# Sunset Valley Track....



## Bighurt (Sep 15, 2009)

With all the poor wiring comments on the Aristocraft and USAT #6 switches has anyone used Sunset valley's switches?

I model 1:29 equipment but I don't think the 16 ties per foot will stand out to bad...

I had planned to use Aristocraft USA track but some of the reviews have me nervous. I'm also intrigued to see #8 and #10 Sunset switches...

I realize that if I go battery power the potential faulty wiring will be a nulled point...btu at this point I'm still on the fence.

Thanks
Jeremy


----------



## afinegan (Jan 2, 2008)

I used sunset valley's code 250 brass track and #6 switches. Everything flies over my #6 switches like they almost aren't there (very smooth). I have the plastic frogs that are insulated, I run live steam and track powered. 


Everything has held up in the Florida sun and humidity so far (about 6 months old so far though) 


This is my track:
http://www.mylargescale.com/Communi...fault.aspx 


I need to go and take some videos!


----------



## jimtyp (Jan 2, 2008)

I have a couple of the Sunset Valley #6 and they work quite well. I run primarily AMS rolling stock. The only issue I had was with my LGB loco. It had electrical pickup sliders and would send out a spark at the frog. I removed the sliders and the loco works great.


----------



## H-man (Jan 4, 2008)

I have a few of their #6 swiutches and they are nice and operate well. I use a transition connector to go from 250 to 332 in reil hight. I'm getting ready to install 2 switches in the coming weeks and will take pictures. 

Howard


----------



## Jerry Barnes (Jan 2, 2008)

I've had one for about 15 years, got three others a few years back and they are great. Get their ground throws also, they work great. Code 250 rules!


----------



## Bighurt (Sep 15, 2009)

Can the track be bent with a dual bender in the ties, instructions on the website suggest otherwise?

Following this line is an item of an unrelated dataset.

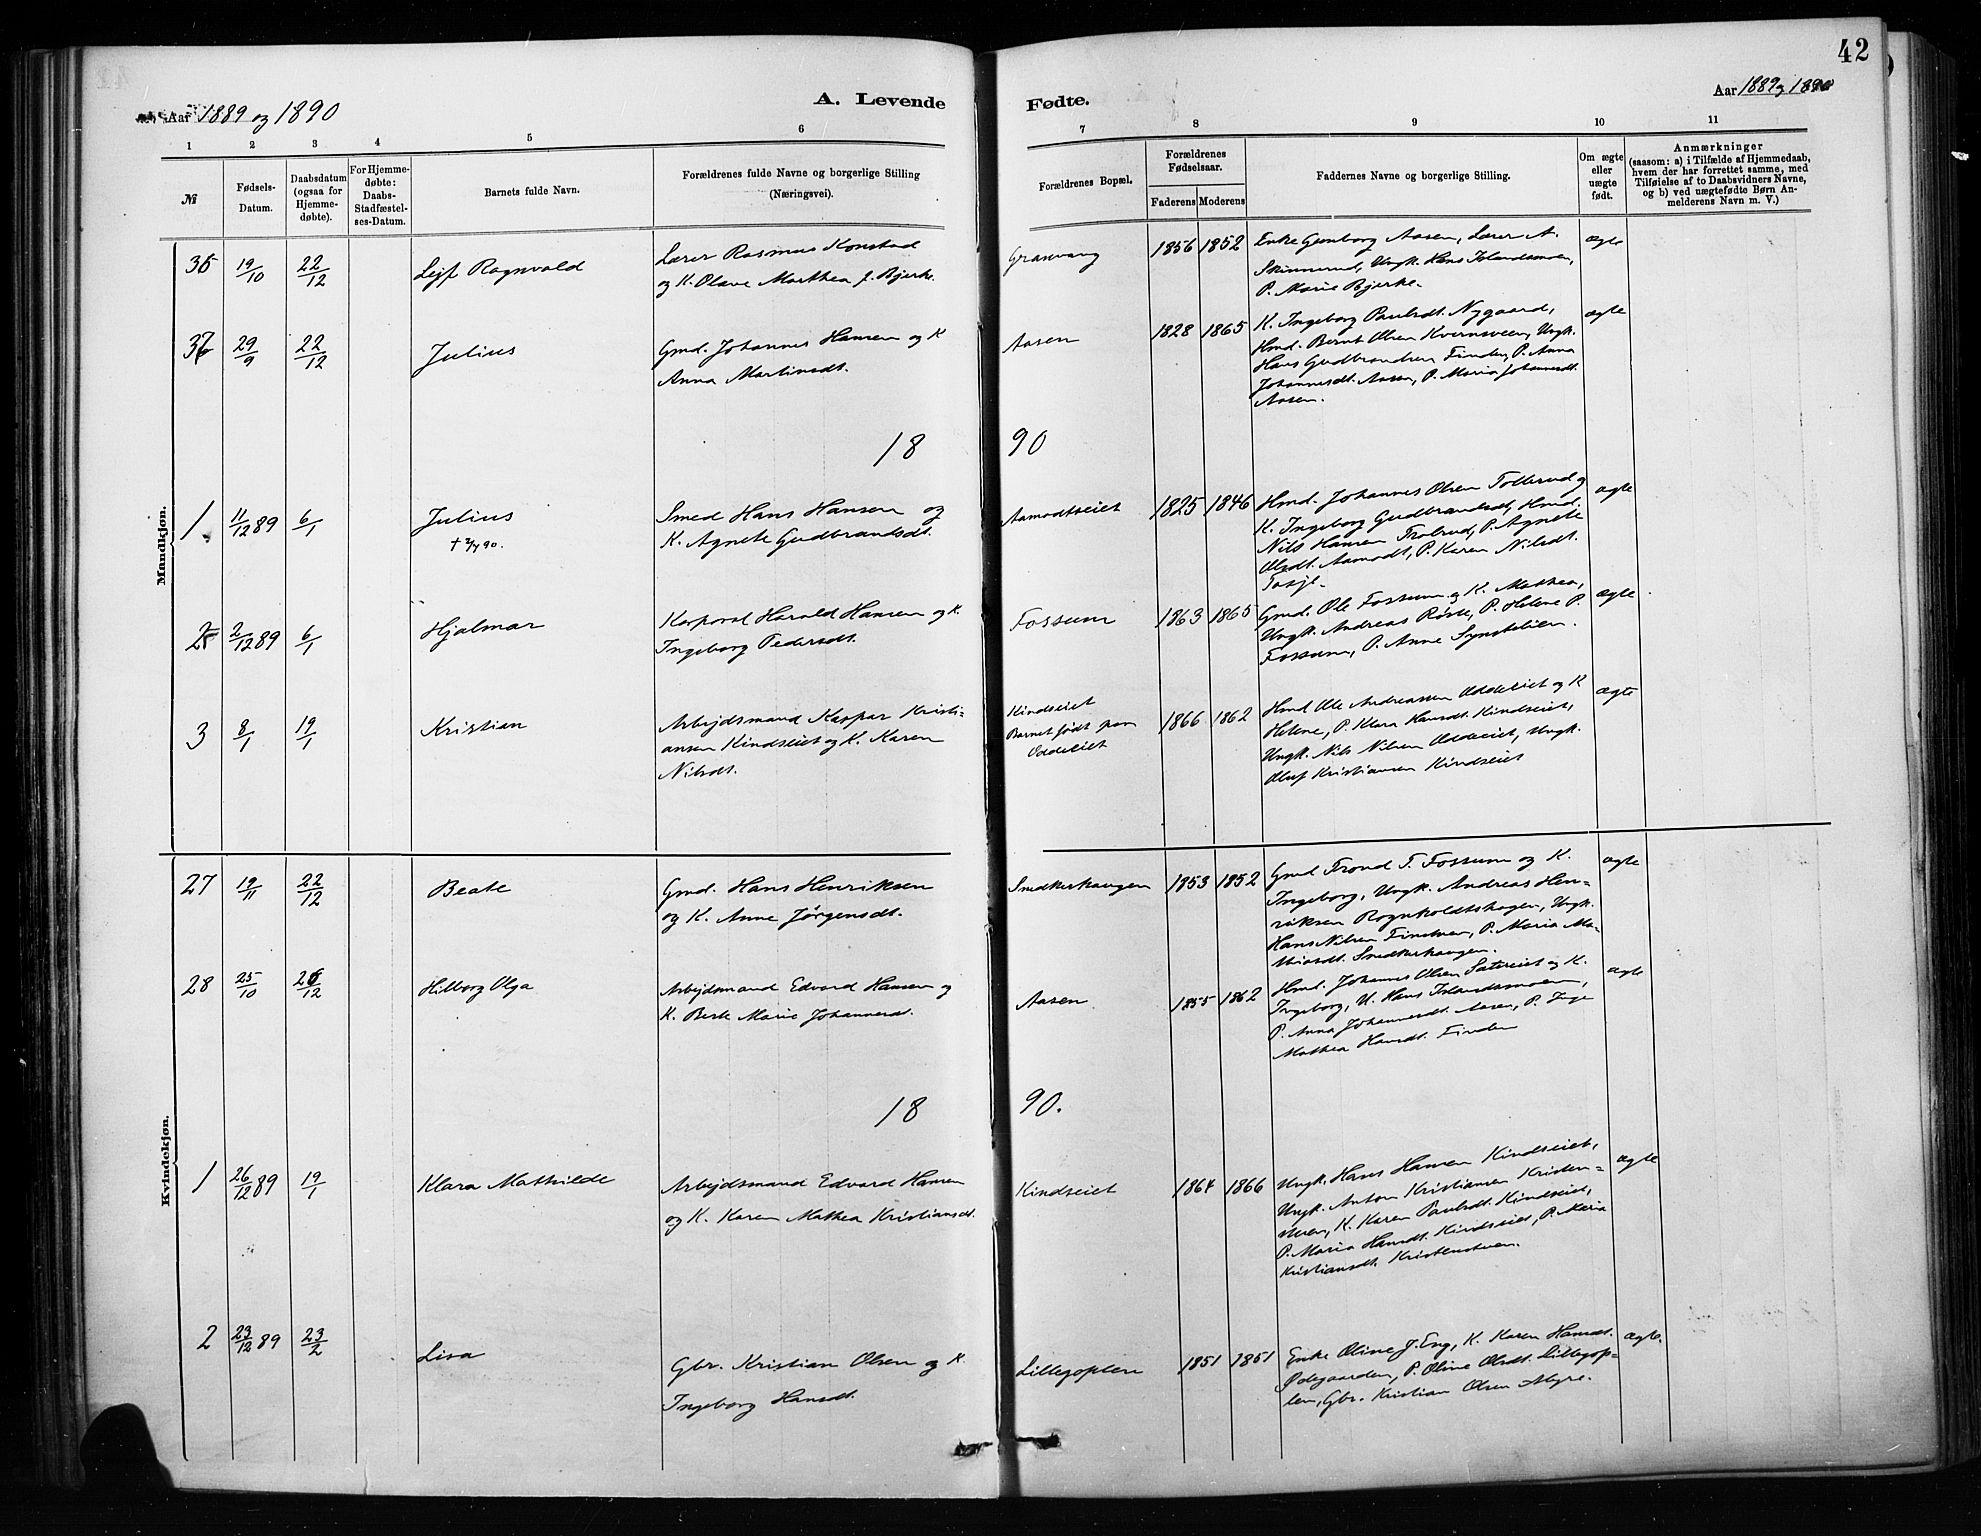 SAH, Nordre Land prestekontor, Ministerialbok nr. 4, 1882-1896, s. 42

Has anyone had issues running 1:29 scale equipment on code 250 track? Outside?

Can the frog on the #8 and #10 being brass be left dead rather than use a micro switch? I plan to either run DCC track or battery power with big locos. Or is the microswitch pretty hardy for outdoor use and worth the install?


----------



## geb (Feb 15, 2008)

I have never used a dual bender but I have bent over 100’ of Sunset Valley’s track with their single bender. Bend the rail, take to the site, back to the bender to adjust, when just right, send the other rail through and put on the ties. Working on the railroad, six feet at a time.

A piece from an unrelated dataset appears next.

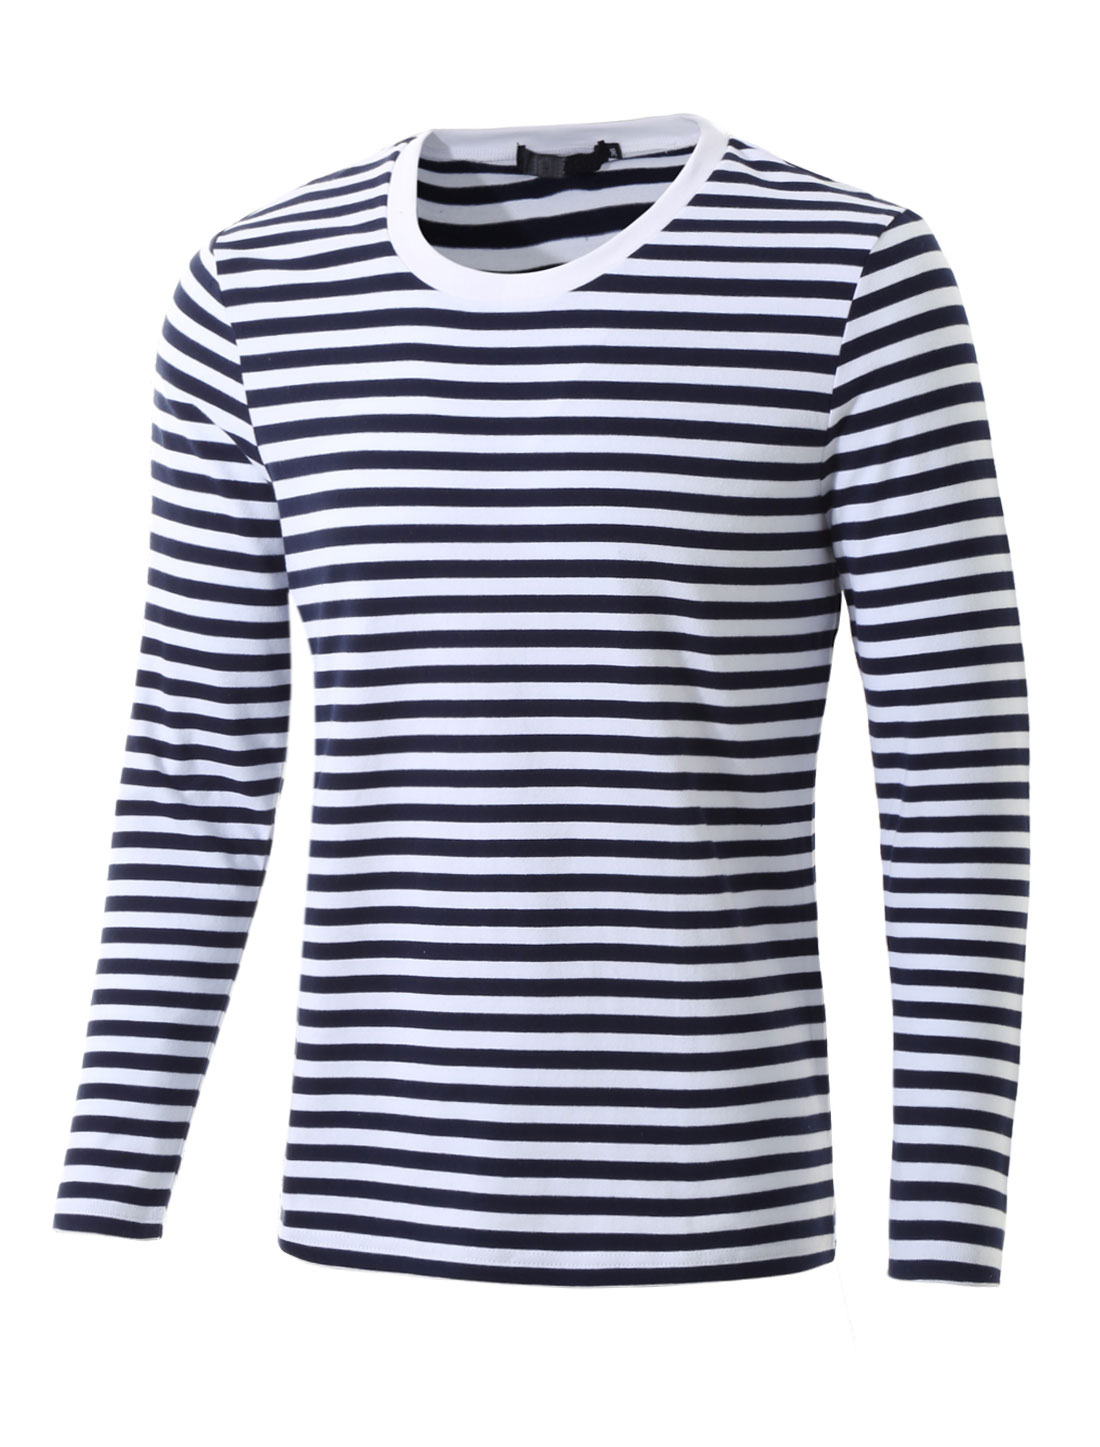 Men Crew Neck Long Sleeve Striped Tee T Shirt Navy Blue L L (US 44)

My experience with Sunset Valley has been good. I did 2 or 3 exchanges of turnouts with no questions or hassle. 





Bill


----------



## Bighurt (Sep 15, 2009)

Really appriciate all the replies. 

Can I ask why you had to send back the switches?


----------



## Jerry Barnes (Jan 2, 2008)

I run 1/29 on my code 250 all the time, never had any problems.


----------



## JEFF RUNGE (Jan 2, 2008)

Check Sunset Valley's "Used " section there is an entire layout listed.


----------



## JEFF RUNGE (Jan 2, 2008)

Never mind it's gone already!


----------



## placitassteam (Jan 2, 2008)

I use SSV brass track and 14 #6 switches and have not had any problems in 5 years. Some of the switches are built from kits and some are ready to use. I feel that the ready built ones are worth the slight extra cost. I have the SSV single rail bender and the Train Li dual bender and use both. You can get by with the single rail bender but the dual is great for touching up the track in place and for making realignments. I used the single extensively for repairing track which had been seriously bent by wild horses. (I now have an electric fence around my railroad!) I also like the way the SSV track weathers, a nice brown color that looks great. Their ground throws are really nice. 
edit: I forgot to mention I run only steam and battery so don't know about the micro switches.


----------



## jfrank (Jan 2, 2008)

The experience here in the Texas sun is that the ties start to fail over time. On the other hand I have had no failures from Llagas Creek ties.


----------



## Paul Burch (Jan 2, 2008)

My whole layout is Sunset Valley aluminum rail. Most of my turnouts are Sunset Valley #8 and #6 turnouts,both nickel silver and brass. The code 250 rail has not presented any problems with my 1/29 equipment. I use the Sunset Valley rail bender. Just get the bend in the rail close,bend the second rail and slide on the rail joiners. Sunset Valley ties slide on much easier than Llagas.


----------



## East Broad Top (Dec 29, 2007)

The 16 ties per foot sounds like Sunset Valley's "narrow gauge" spacing. The offer "standard gauge" spacing on the ties which is essentially twice the number of ties. (If I recall, they also updated their "narrow gauge" ties to be a bit wider, for those inclined.) 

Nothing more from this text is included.